The first thing is that anaconda has to be in the system PATH. Otherwise Python libraries would not download due to SSL verification problems. When you manage to solve that issue, a free way to creating explainer lays in front of you. Just specify a path to .yml file. Do not bother about the virtual env name, it is defined in the header of .yml file. condaenv
argument will be omitted when yml
specified and OS is windows.
explainer_scikit_2 <- explain_scikitlearn(pkl_gbm, yml = yml, data = titanic_test_X,
y = titanic_test_y, colorize = FALSE)
explainer_keras_2 <- explain_keras(pkl_keras, condaenv = "myenv", data = pima_indians_diabets_X,
y = pima_indians_diabets_y, colorize = FALSE)
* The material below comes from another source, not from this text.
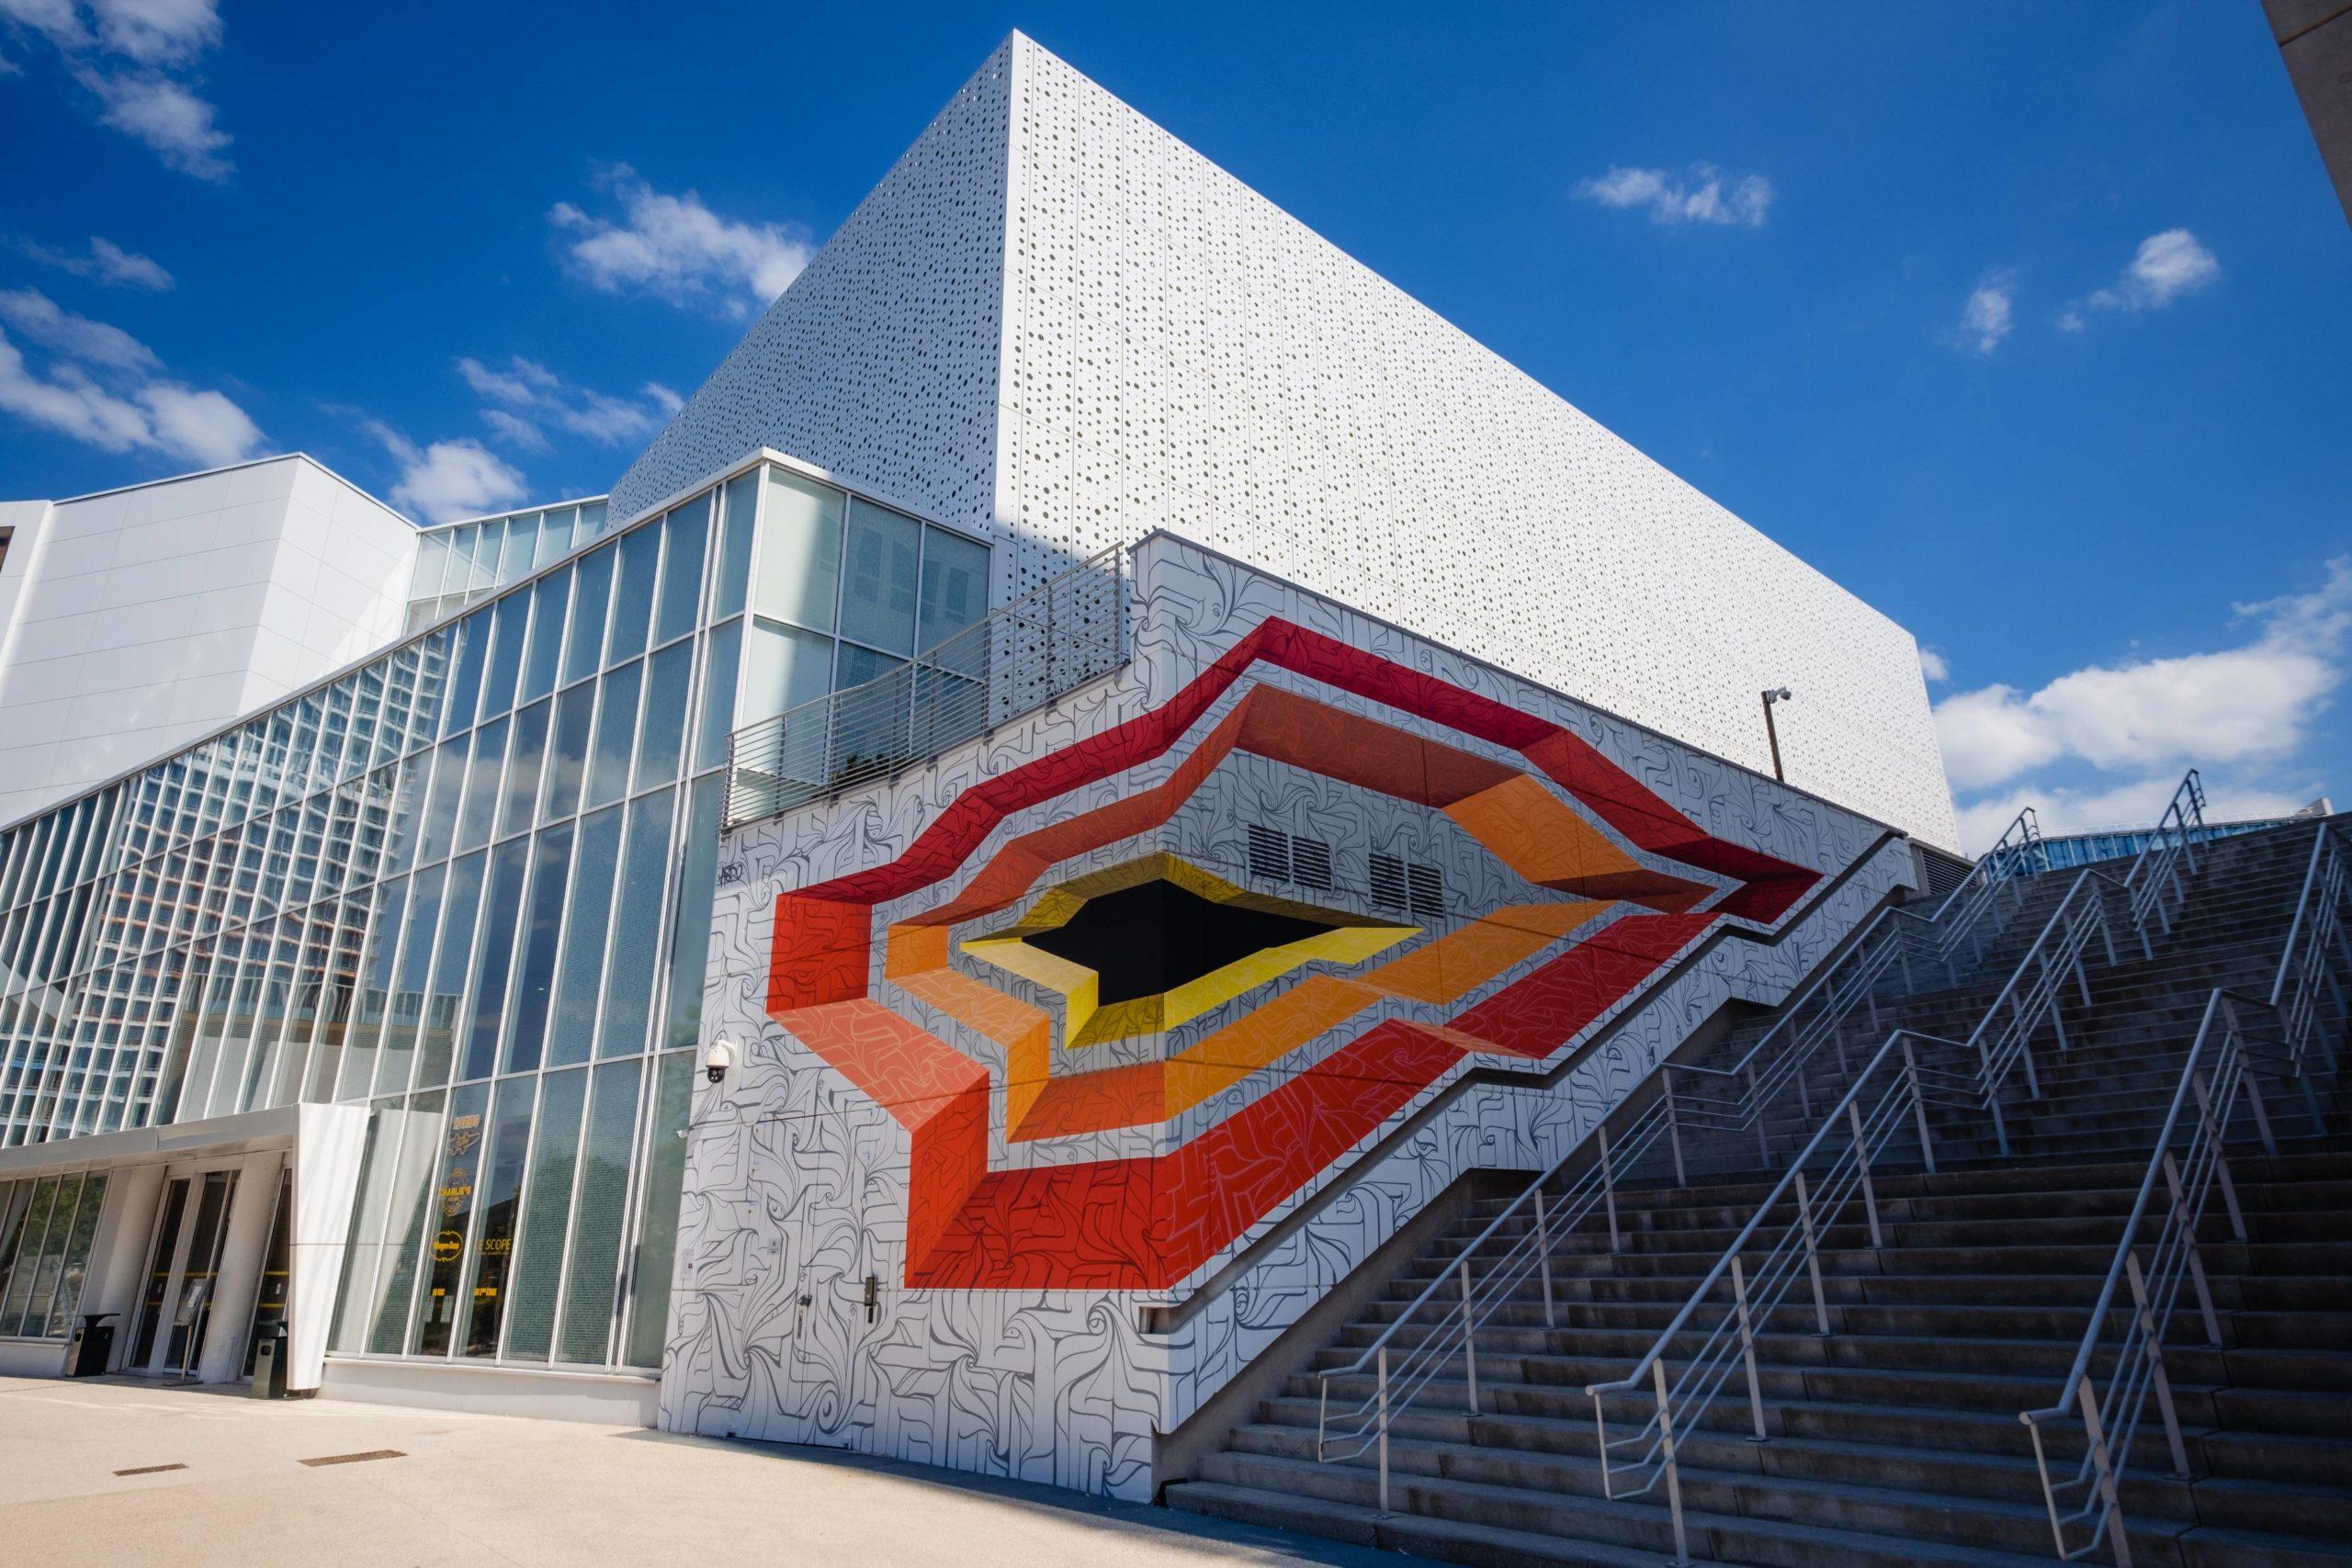 Astro, Architectural Evasion 1 & 2, 2020 (Euromed Center, Marseille, Covivio, Massimiliano Fuksas) © Gilles Perbal 1

It is recommended to pass path where Anaconda may be found (eg. ./anaconda3) along with yml file path. condaenv
argument should be used for this purpose. Therefore, when yml
argument is specified and OS is Unix, condaenv
means path to conda. If user left condaenv
as NULL, DALEXtra will try to look for Anaconda on it’s own.
explainer_scikit_3 <- explain_scikitlearn(pkl_gbm, yml = yml, condaenv = "/home/user/anaconda", data = titanic_test_X, y = titanic_test_y)
This is probably the most common problem, any user can meet during usage of DALXtra
. It is being thrown when packages specified in .yml are not available from channels you have specified. There are some ways of fixing it.
When .yml is exported, it saves not only the main version (eg. 1.16.4) but specific OS related version as well (eg. py36h19fb1c0_0). This way, when you are trying to rebuild env using a different machine, a lot of problems may occur. The easiest way to fix it, is to remove that statement.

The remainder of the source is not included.